Known as the “silver fox,” Mulloy played the senior circuit well into his 90s. His decades-long competitive career yielded more than 127 national championships and 25 international titles, No. 1 U.S. and No. 6 world rankings, and admission to the International Tennis Hall of Fame in 1972.

But Mulloy insists his greatest pride came during his brief interruption from the sport, when in World War II he skippered a landing ship tank (LST), seeing action in the North African and European invasions. “I don’t know why it’s never gotten its due,” Mulloy says of the LST, an amphibious naval vessel. “The destroyers and submarines could do only one thing, but the LST could do it all. We brought in troops, supplies, and tanks. We were a hospital ship. It could even carry the complete components to build an airport practically overnight.”

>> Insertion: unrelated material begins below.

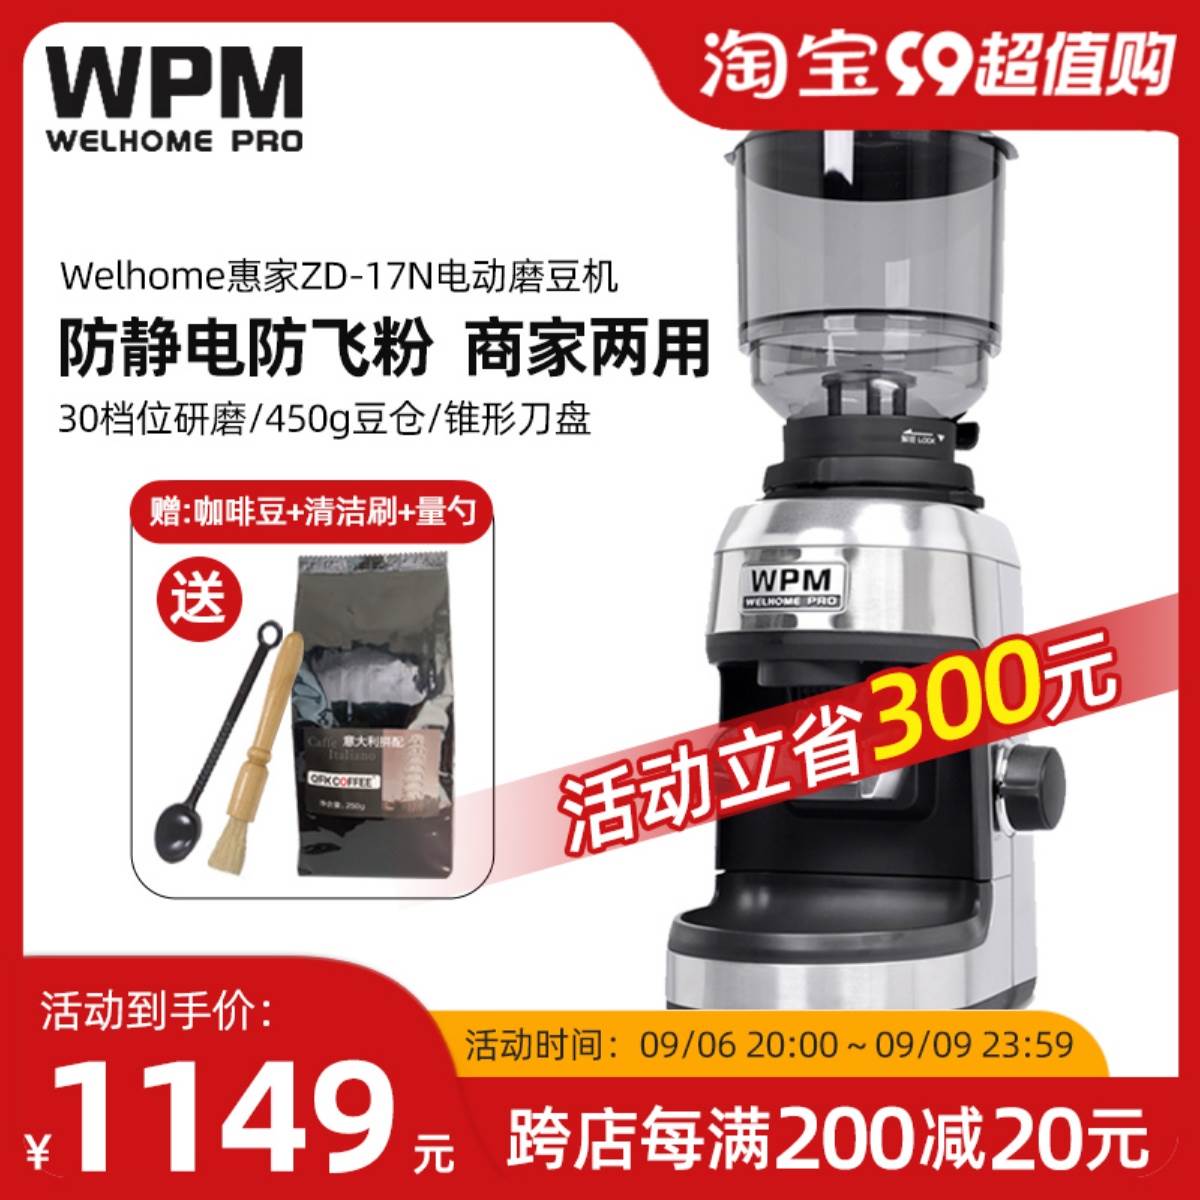 WPM/惠家磨豆机ZD-17N/15意式电动家商用专业全自动咖啡豆研磨机 餐饮具 磨豆机 原图主图

Still, most people want to hear about Mulloy’s exploits in tennis, a game his father taught him on the backyard clay court of their Miami home. Today, he says, tennis is different. “There’s no net play,” he gripes. “I don’t enjoy the game as much, but I watch it anyway.”

As UM’s head tennis coach, Mulloy recruited the likes of Pancho Segura, ’45, who won NCAA singles titles in 1943, 1944, and 1945. Segura, now 92, is among the Tennis Hall of Fame’s ten oldest surviving members, as is 88-year-old Doris Hart, ’48, also of UM. Mulloy, who lives in Miami with his wife, Jackie, is its most senior.

Last April, when a section of road in his neighborhood was renamed Gardnar Mulloy Way, former pro tennis player and UM coach Kim Sands, B.Ed. ’78, summed up Mulloy’s enduring legend thusly: “You are ‘Mr. Tennis’ in this community.”

—Robert C. Jones Jr.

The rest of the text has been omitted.